Work request -
The lines needed run from the one that contains "6803 Pantalones largos" through the end of the material below, both included; write them out exactly, with no pictures.

The data -
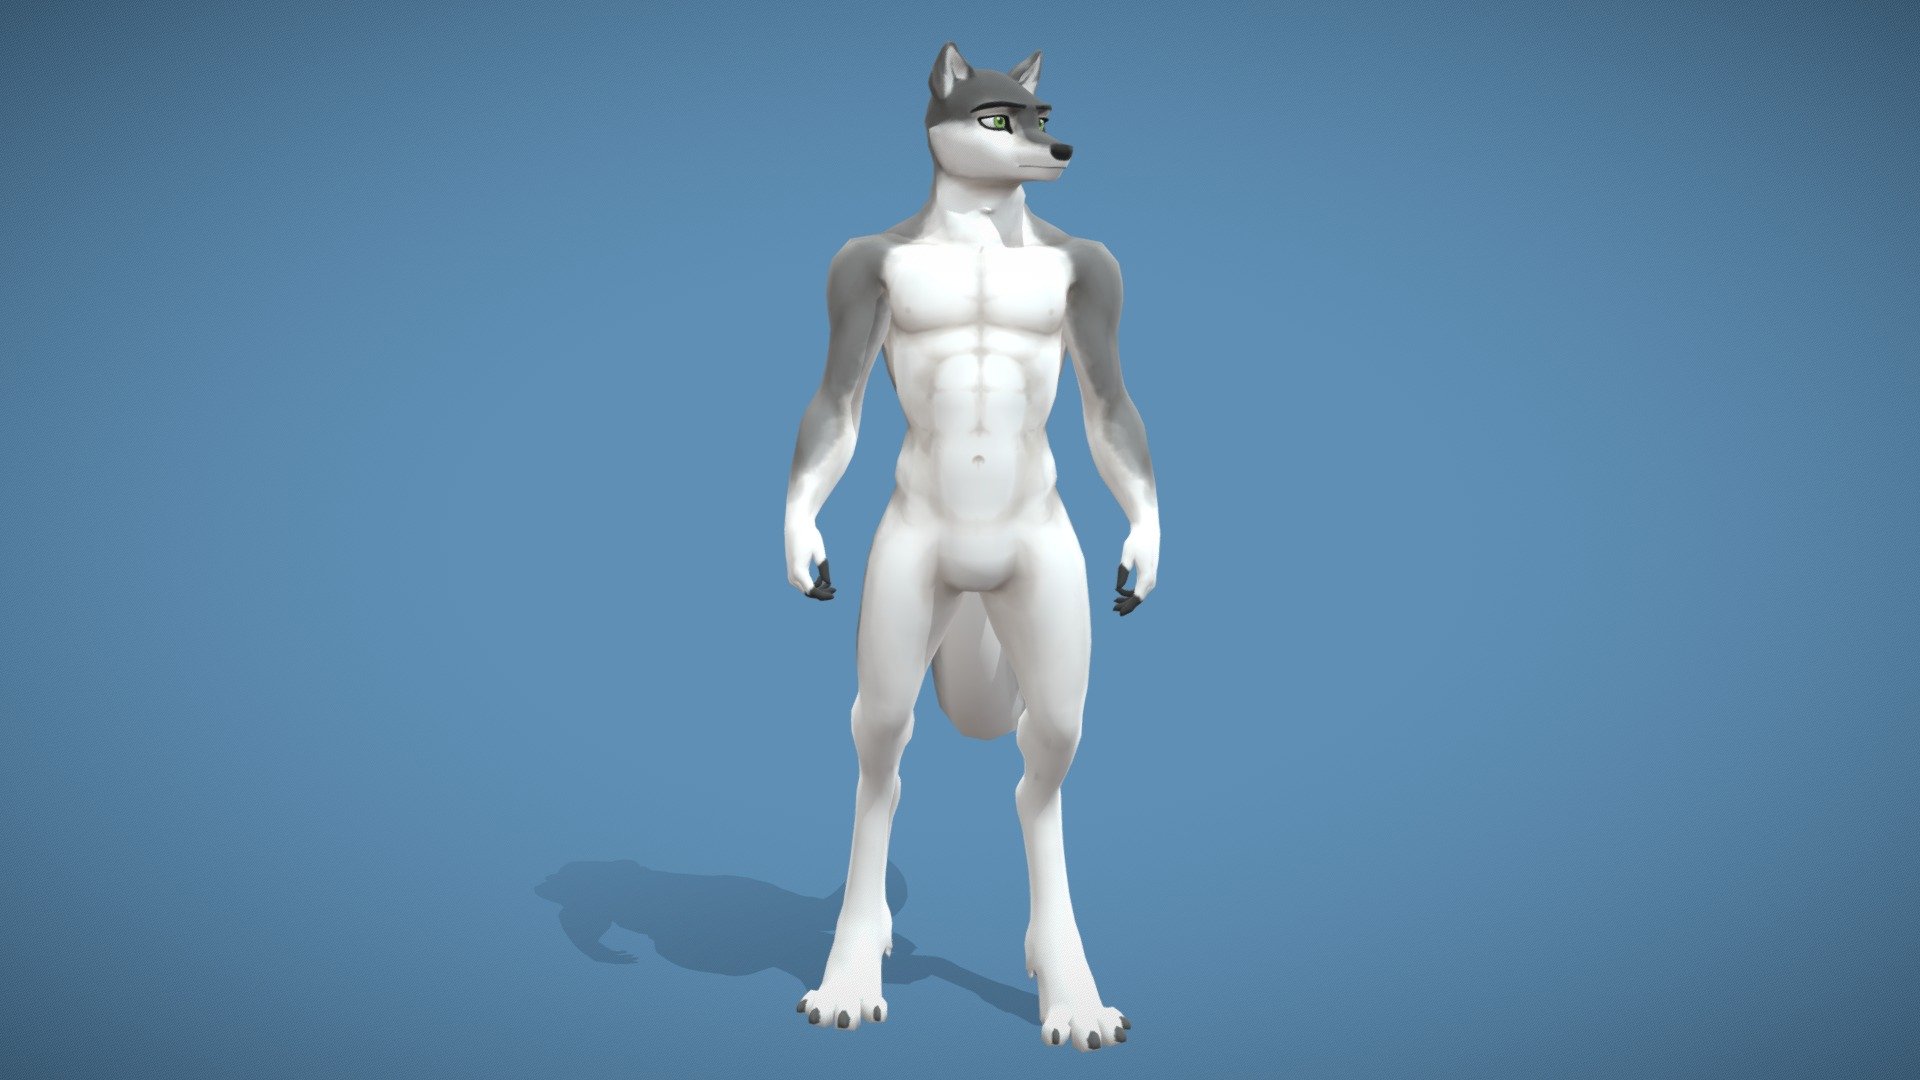 Blender 3D Wolf Modeling tutorial pt.1 
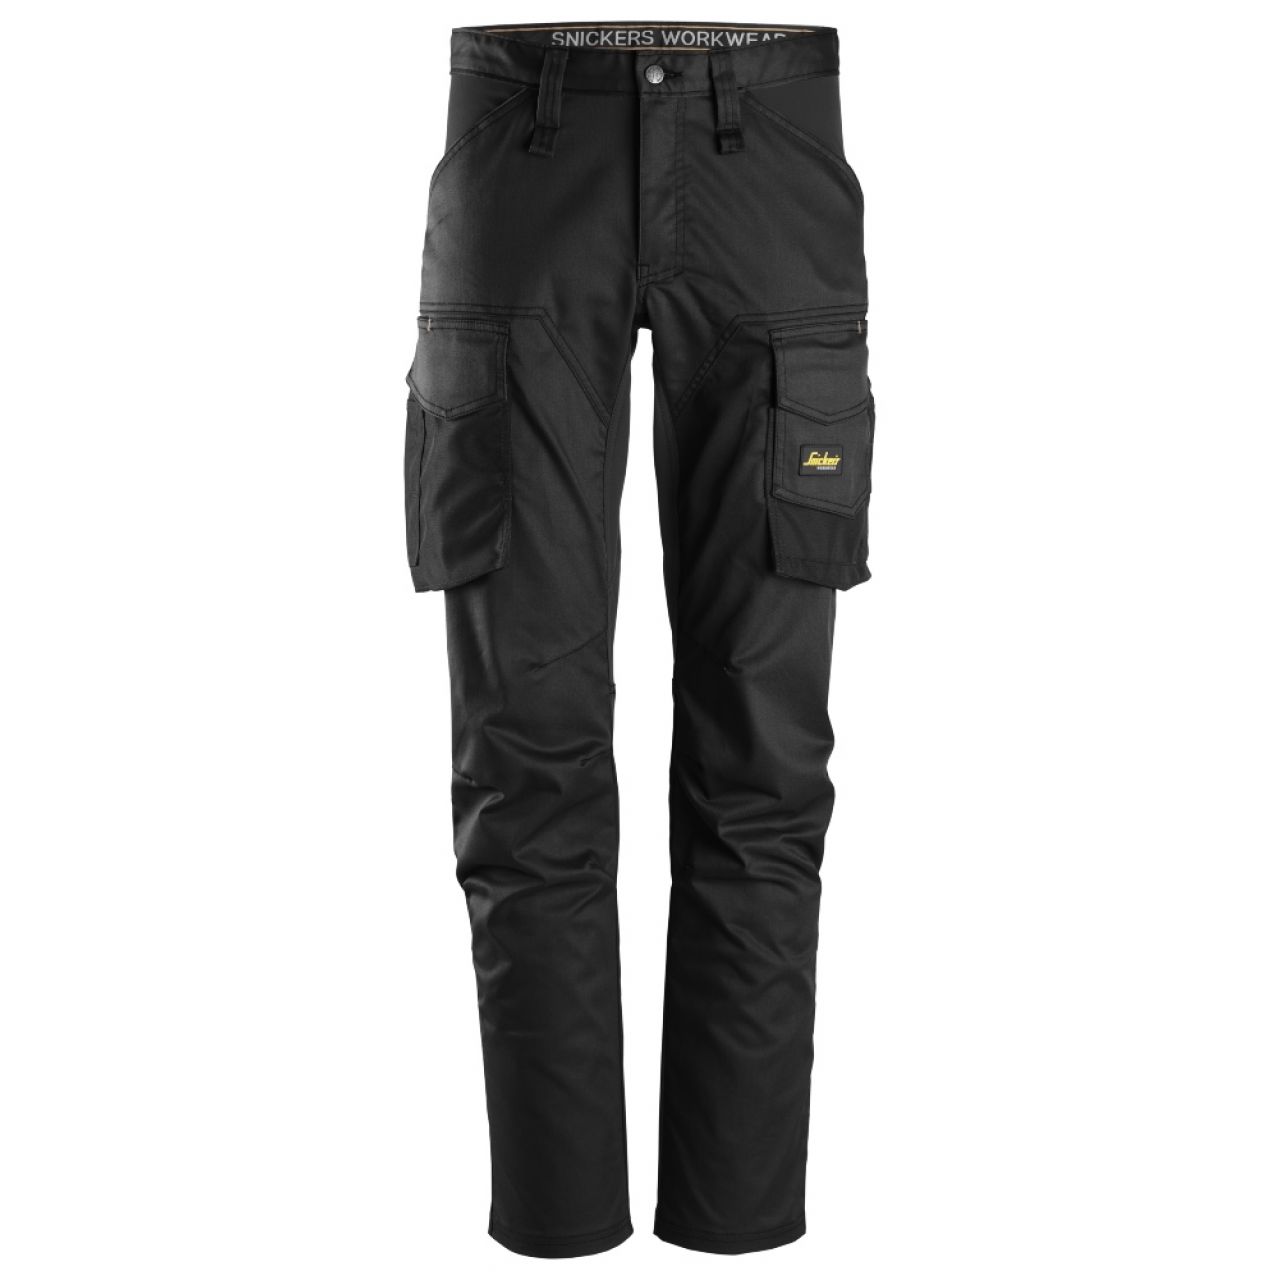 6803 Pantalones largos de trabajo elásticos sin bolsillos para las rodilleras AllroundWork negro talla 156
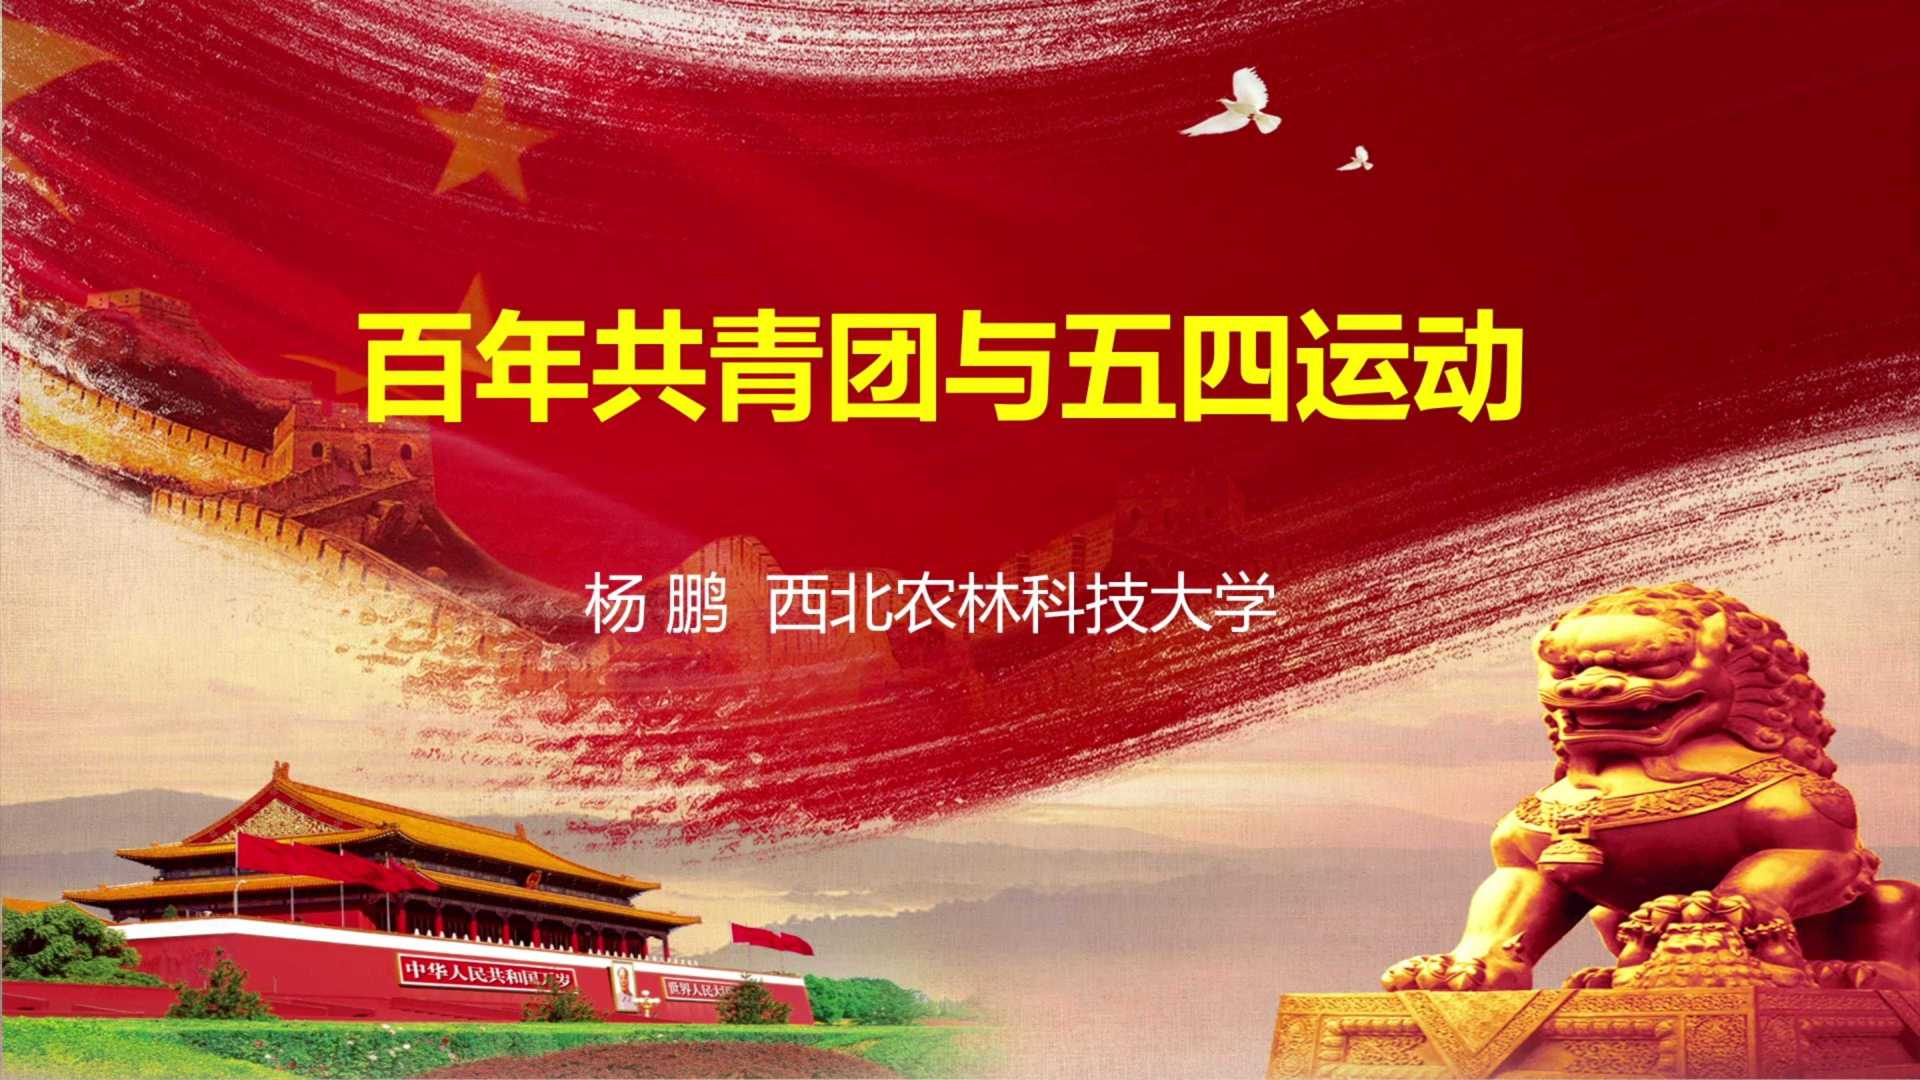 《百年共青团与五四运动》西北农林科技大学杨鹏教授
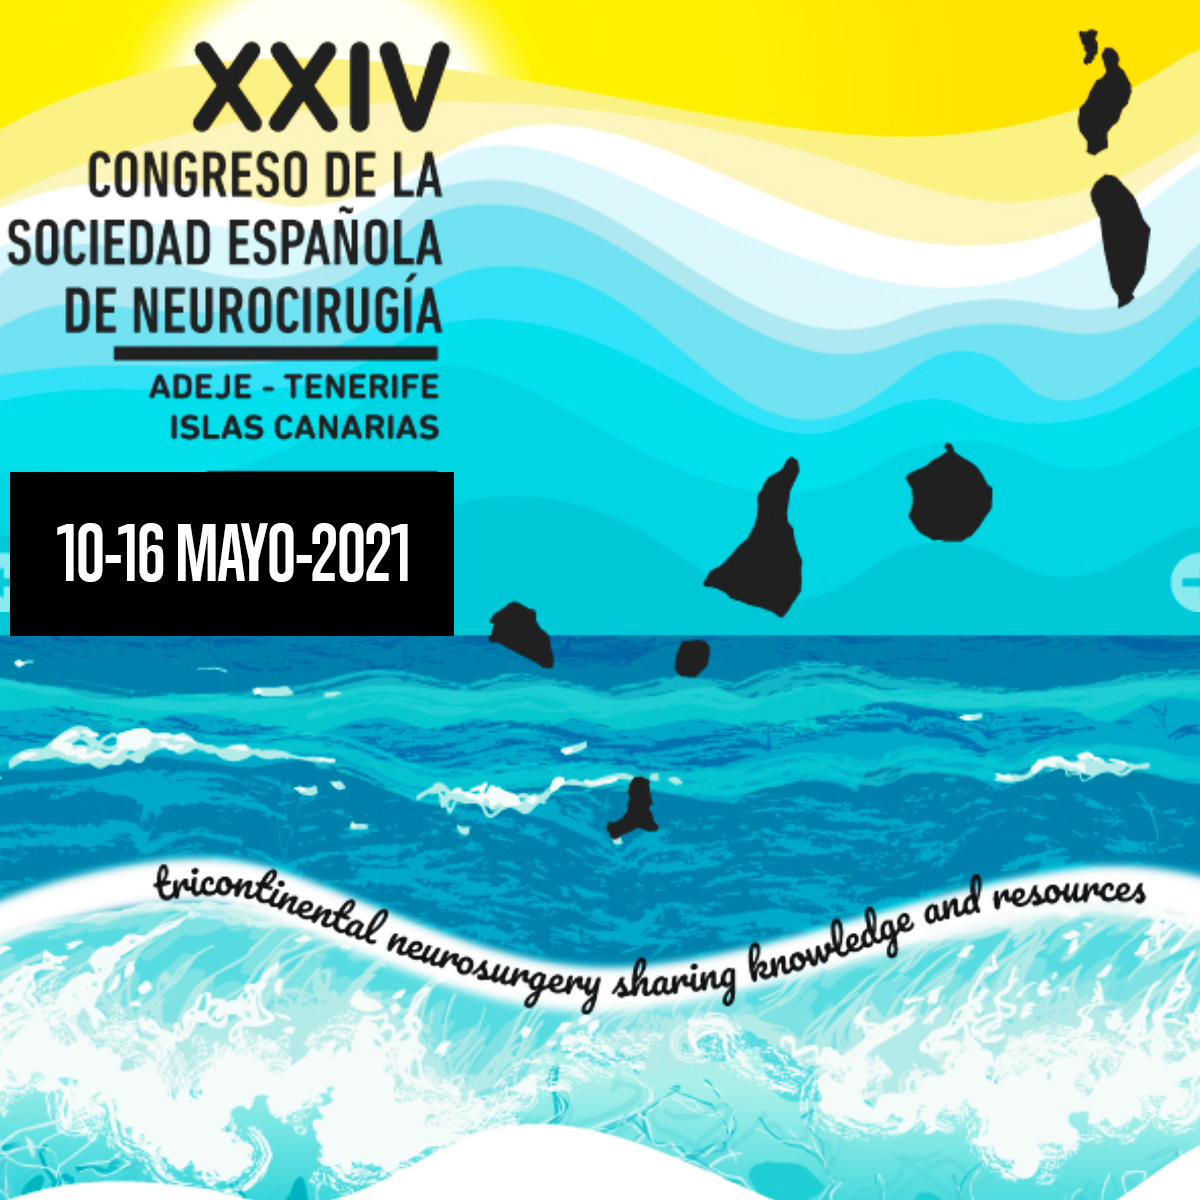 XXIV Congreso de la Sociedad Española de Neurocirugía

Answer to this problem -
 6803 Pantalones largos de trabajo elásticos sin bolsillos para las rodilleras AllroundWork negro talla 156
 《百年共青团与五四运动》西北农林科技大学杨鹏教授
 XXIV Congreso de la Sociedad Española de Neurocirugía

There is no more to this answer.